Adultery should continue to be offence in armed forces, Centre tells SC

NEW DELHI: More than two years after adultery was struck off the list of offences in Indian Penal Code (IPC), the ministry of defence on Monday requested the Supreme Court to allow its retention for personnel in the armed forces, where the crime is referred to as ‘stealing the affection of brother officer’s wife’, which can lead to those found guilty being cashiered from service.
Attorney General K K Venugopal and Additional Solicitor General Madhavi Goradia Divan told a bench of Justices R F Nariman, Navin Sinha and K M Joseph that armed forces operate in peculiar circumstances where jawans and officers are posted in forward inhospitable terrain, while their wives are taken care of by their units at the family accommodation, which are frequently visited by officers and JCOs to look after their well-being.
Venugopal said when jawans and officers are at forward locations, they must be free from the worry of the well-being of their families and should not be perturbed by the thought that in the absence of adultery as an offence, as has been ruled by the SC in its September 27, 2018 judgment, someone may enter into an adulterous relationship with their family members. That is the reason why adultery should continue to be an offence categorised as “unbecoming conduct” under the Army, Navy and Air Force Acts, he said. The AG, however, also said the rules will apply to both men and women in uniform found guilty of adultery.
Justice Nariman-led bench agreed with Venugopal and said Article 33 of the Constitution enables Parliament to enact laws for armed forces restricting fundamental rights of the personnel and that adultery could still continue as an offence under the ‘unbecoming act’ provision in the laws governing armed forces. However, the bench sent the MoD’s plea to the CJI for placing it before a five-judge bench as the judgment declaring ‘adultery’ provision in the IPC unconstitutional was rendered by a bench of the same strength.
The MoD said, “Persons subject to Army Act, Navy Act and Air Force Act, by virtue of Article 33 of the Constitution of India, being a distinct class, any promiscuous or adulterous acts by such persons should be allowed to be governed by the provisions of Sections 45 or 63 of the Army Act, Sections 45 or 65 of the Air Force Act and Sections 54 (2) or 74 of the Navy Act being special legislation and considering the requirements of discipline and proper discharge of their duty.”
Venugopal said, “In view of Article 33, whether the judgment in Joseph Shine would prevent the Armed Forces from proceeding against a person subject to the Army Act, who is guilty of what would in effect be an adulterous act? For this purpose, it may be pointed out that unlike Section 497 of IPC (adultery), the Armed Forces do not make a difference between a male or a female, who is subject to the Army Act, if they are guilty of an offence. In other words, dehors Section 497, the Army would equally proceed against a female subject to the Act, if she enters into an adulterous/illicit relationship.”
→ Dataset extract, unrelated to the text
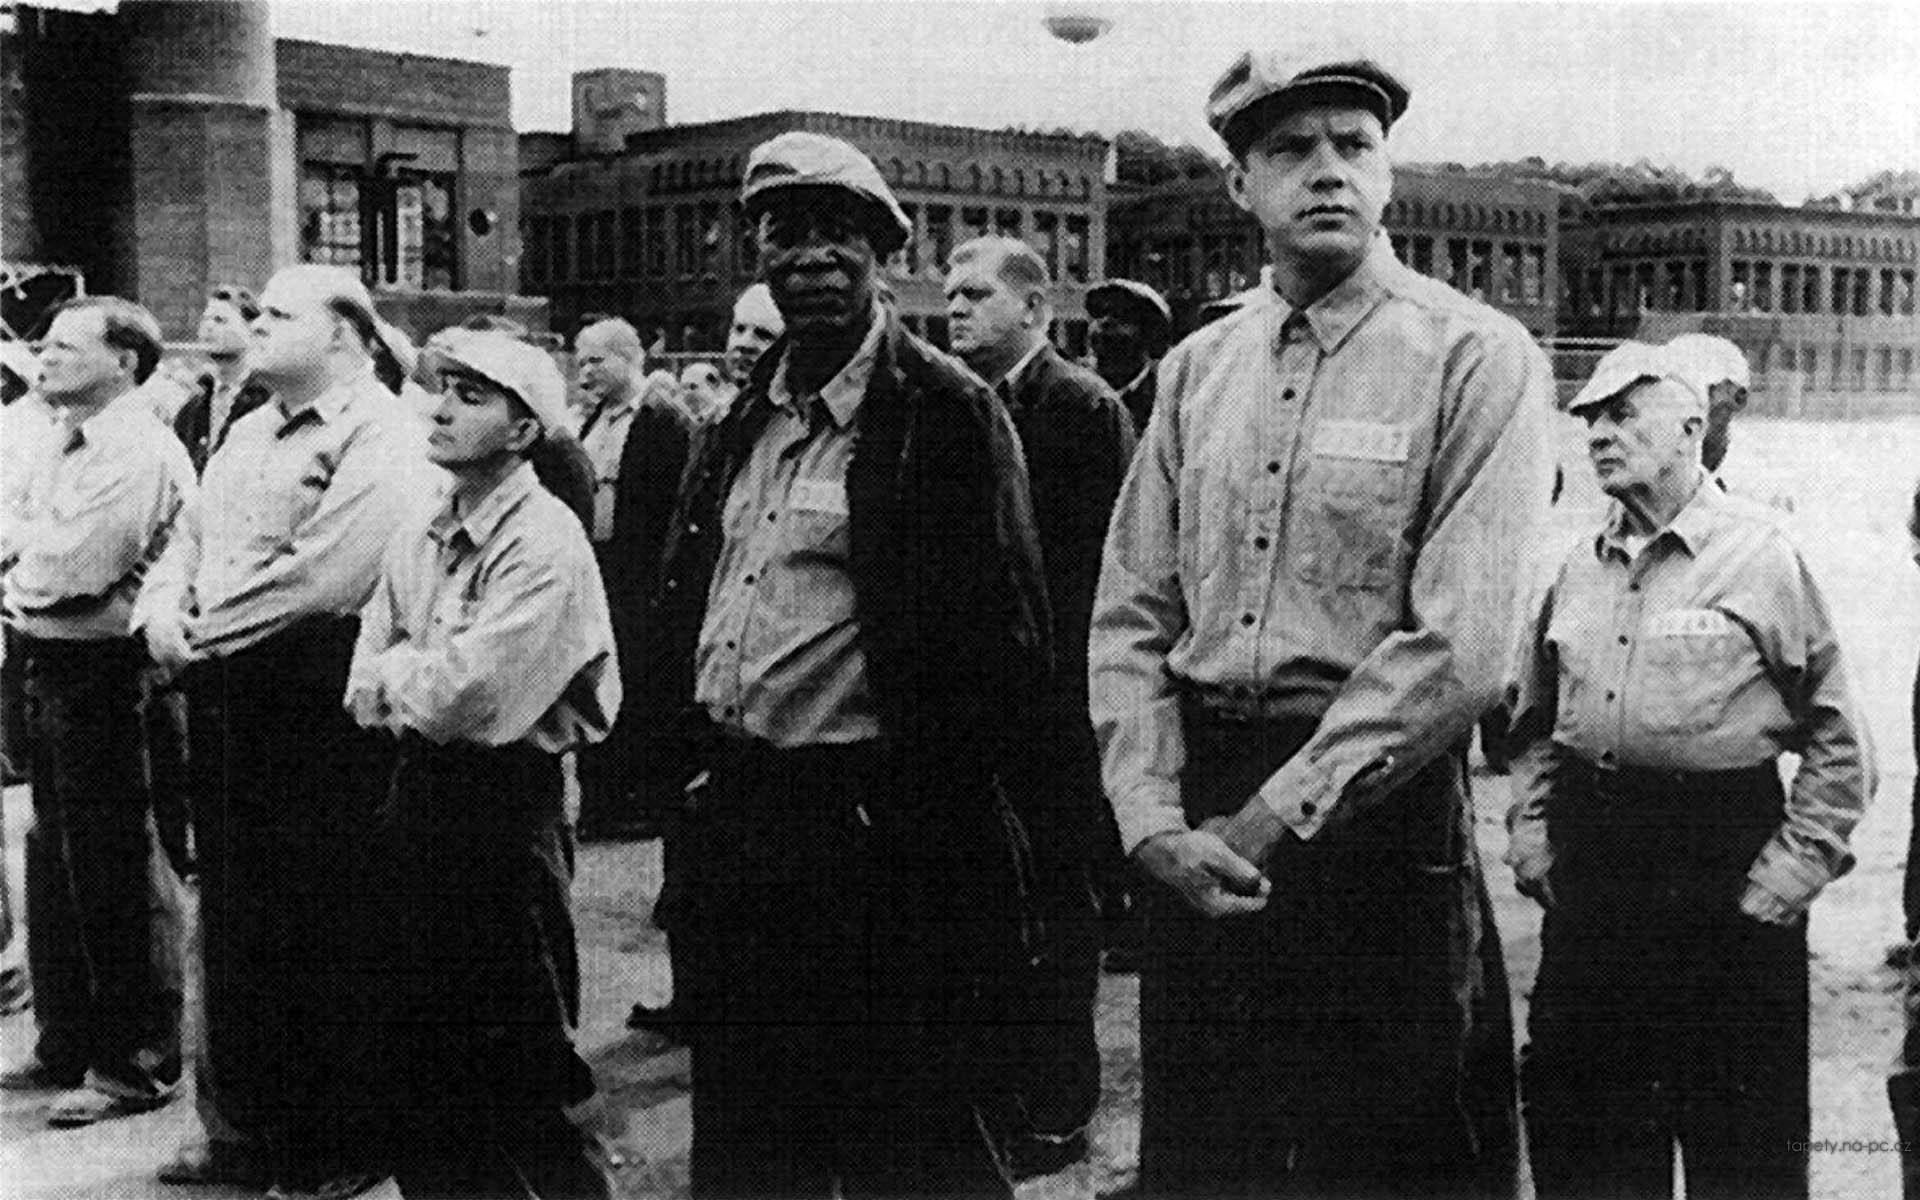 The Shawshank Redemption HD Wallpaper Background Image 1920x1200

“Applying the 2018 SC judgment, one would find that the first ground for invalidating Section 497, namely, that it was manifestly arbitrary, would be traceable to Article 14 of the Constitution. The second aspect mentioned that Section 497 was discriminatory towards women and treated them as chattel and thus violated Article 14 and the third aspect of the violation of privacy under Article 21, are all matters which would be covered by Article 33 of the Constitution, where the provisions of the Army Act would prevail, notwithstanding their being inconsistent with fundamental rights,” the ministry said.
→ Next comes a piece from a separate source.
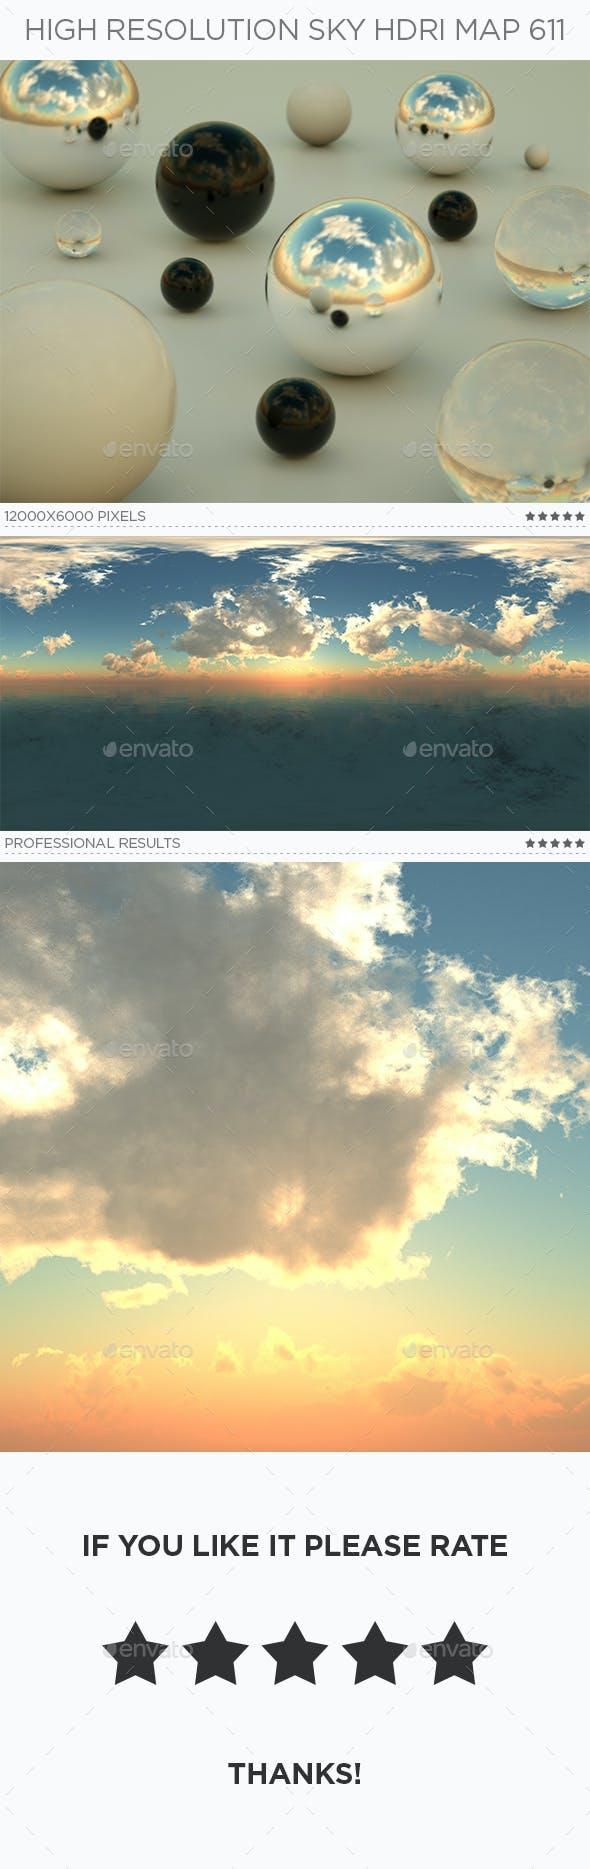 High Resolution Sky HDRi Map 611 - 3DOcean Item for Sale

“One has to remember that the Armed Forces exist in an environment wholly different and distinct from civilians. Honour is a sine qua non of the service. Courage, and devotion to duty, even at the risk of one’s lives, is part of the unwritten contract governing the members of the Armed Forces,” it said.
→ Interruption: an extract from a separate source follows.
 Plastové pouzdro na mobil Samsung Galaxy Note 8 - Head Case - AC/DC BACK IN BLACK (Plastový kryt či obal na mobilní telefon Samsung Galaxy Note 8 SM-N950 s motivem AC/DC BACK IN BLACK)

“Therefore, ‘promiscuous or adulterous act’ by persons subject to the Army Act, Navy Act and Air Force Act would still be offences for which either criminal or disciplinary action could be initiated under Army Act Section 63 or Section 45 and under corresponding provisions of Navy Act and Air Force Act respectively, proceeding on the basis that these are acts of misconduct that would be covered by these two provisions,” it said.